Task item: Write out every line of the material as it stands, apart from the pictures.

Provided material:
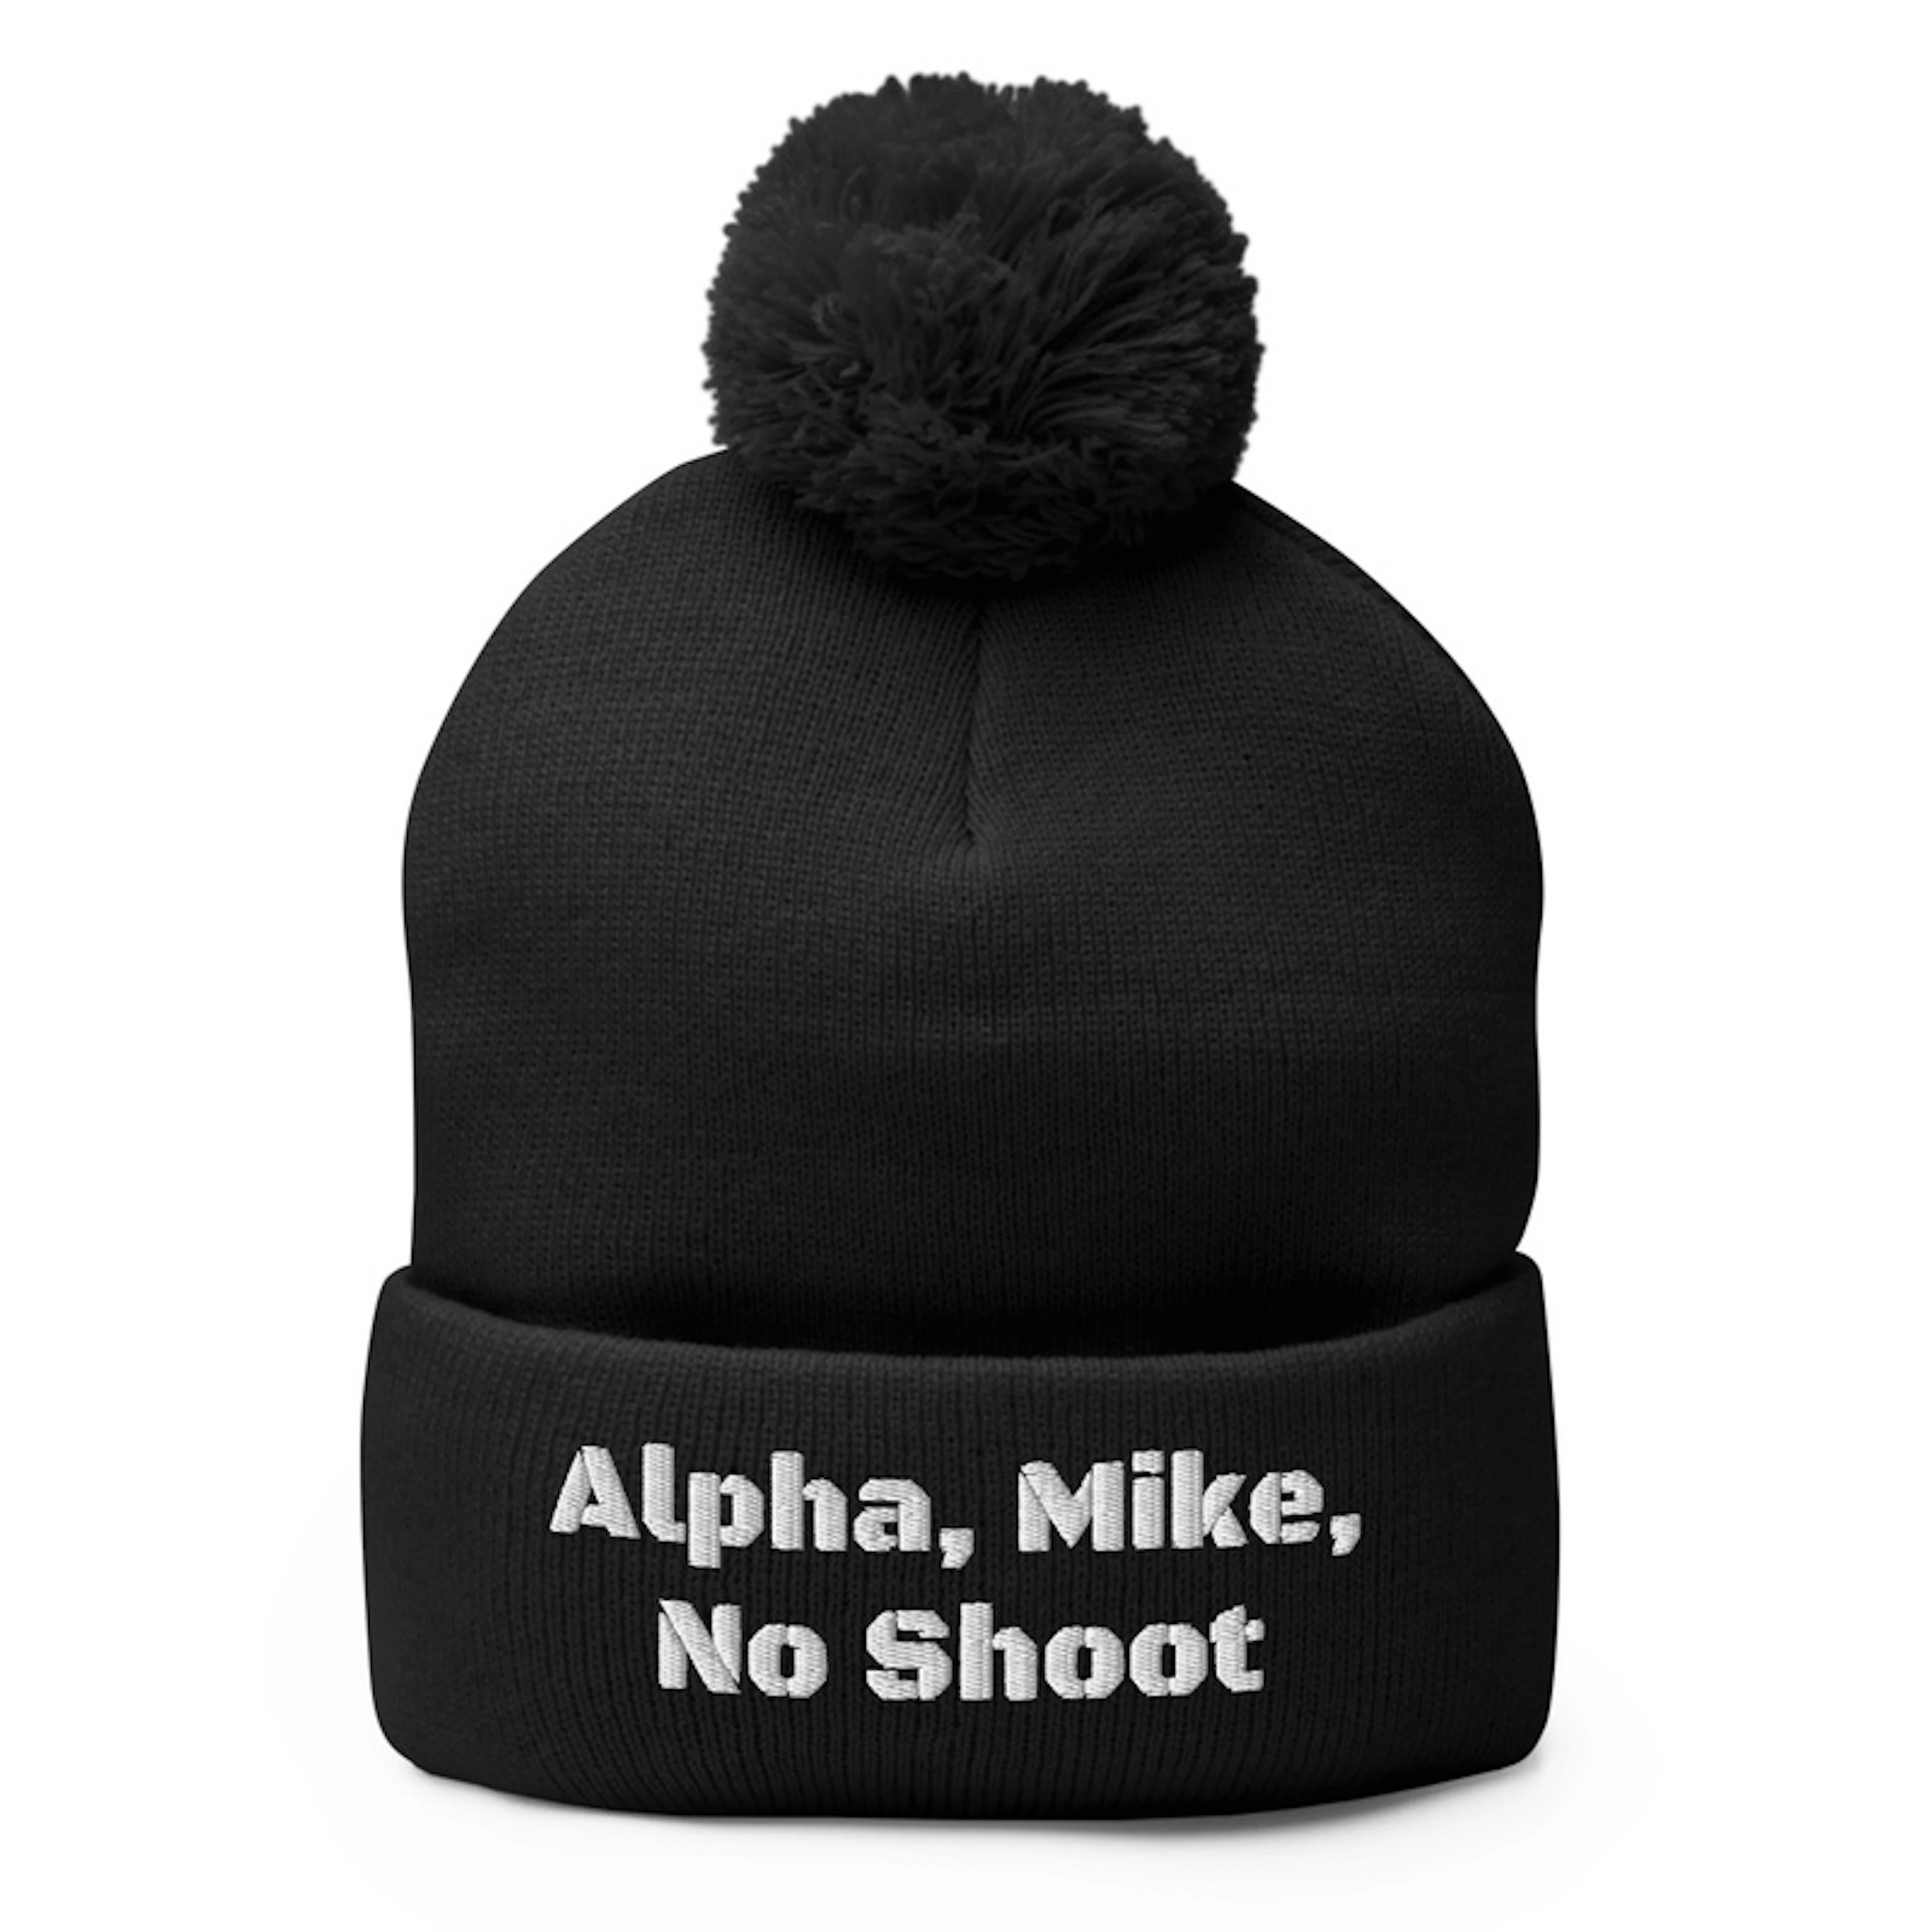 Alpha, Mike, No Shoot
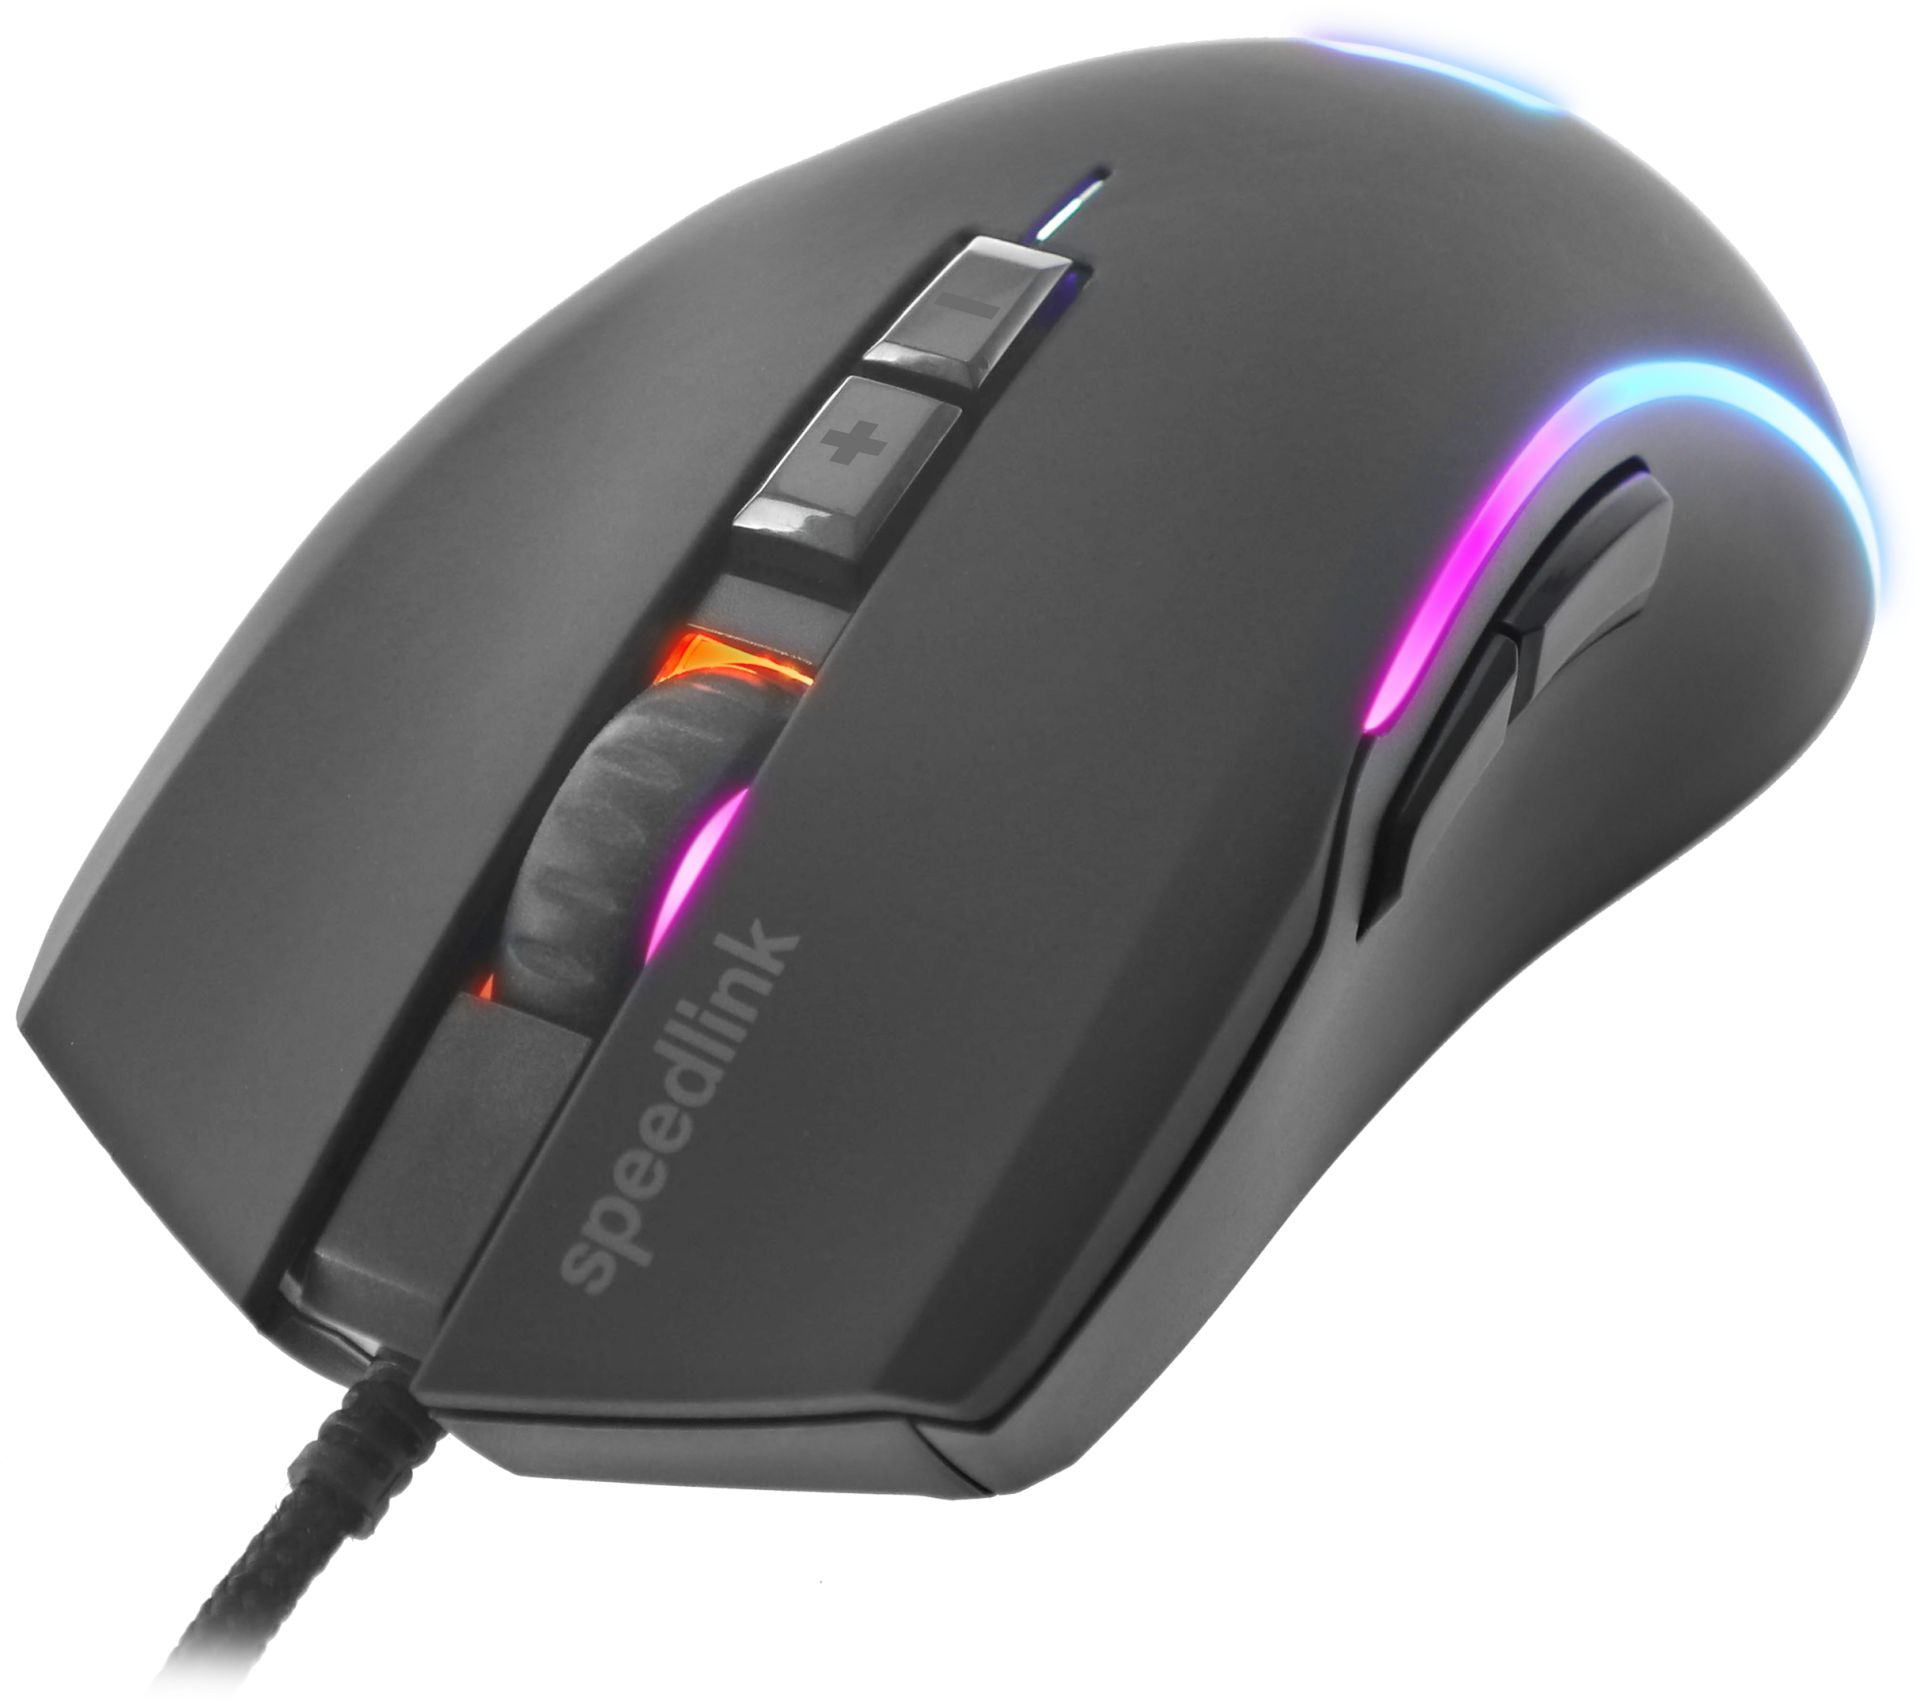 Speedlink - ZAVOS Gaming Mouse, rubber-black
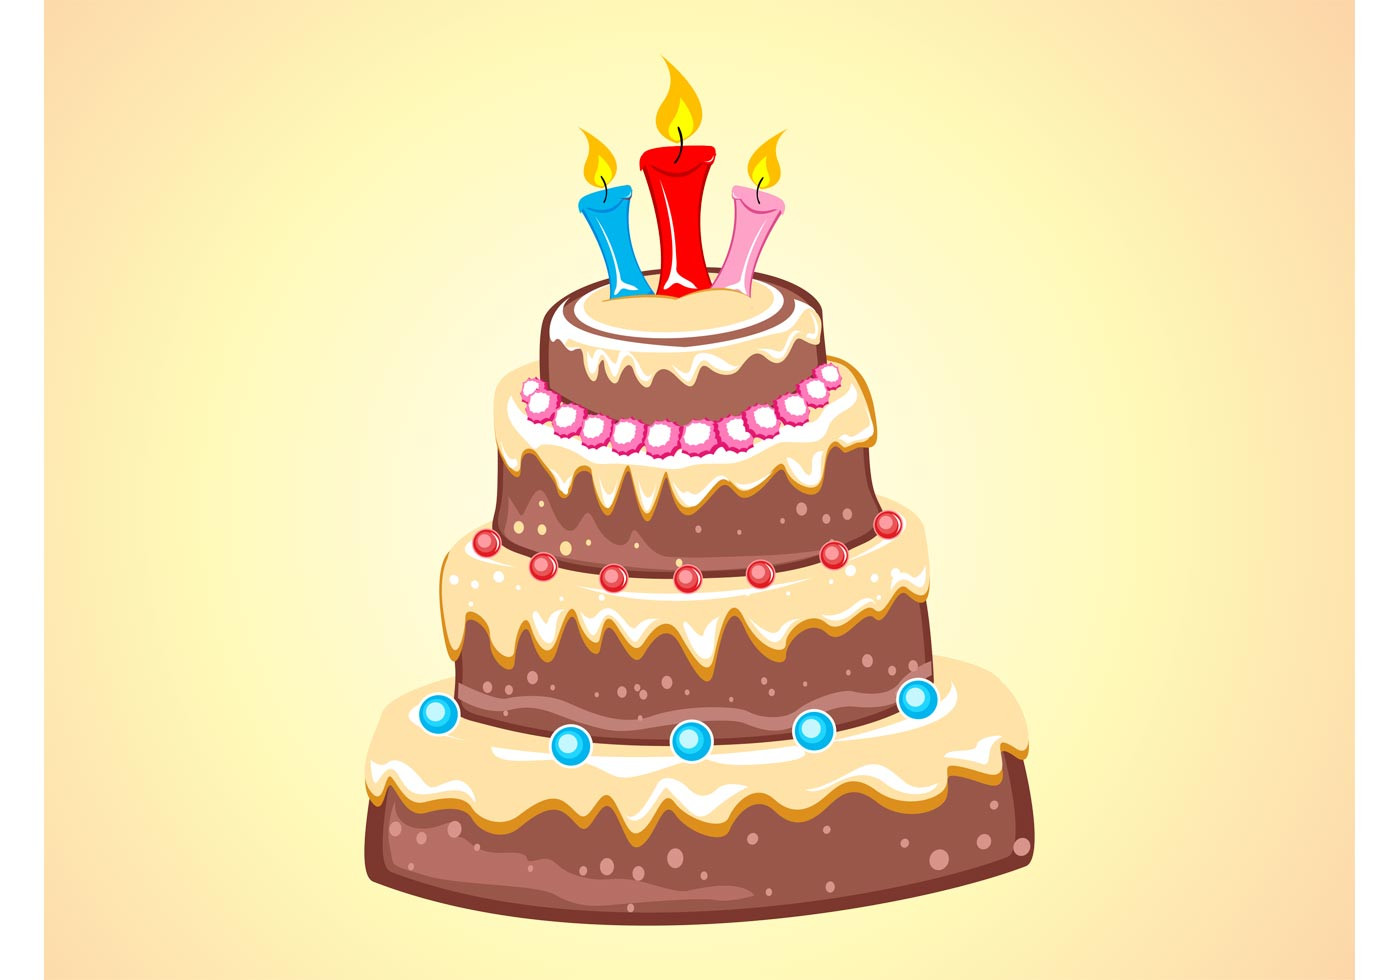 Birthday Cake Vector
 Chocolate Cake Download Free Vector Art Stock Graphics

Reply to the task:
 Alpha, Mike, No Shoot
 Speedlink - ZAVOS Gaming Mouse, rubber-black
 Birthday Cake Vector
 Chocolate Cake Download Free Vector Art Stock Graphics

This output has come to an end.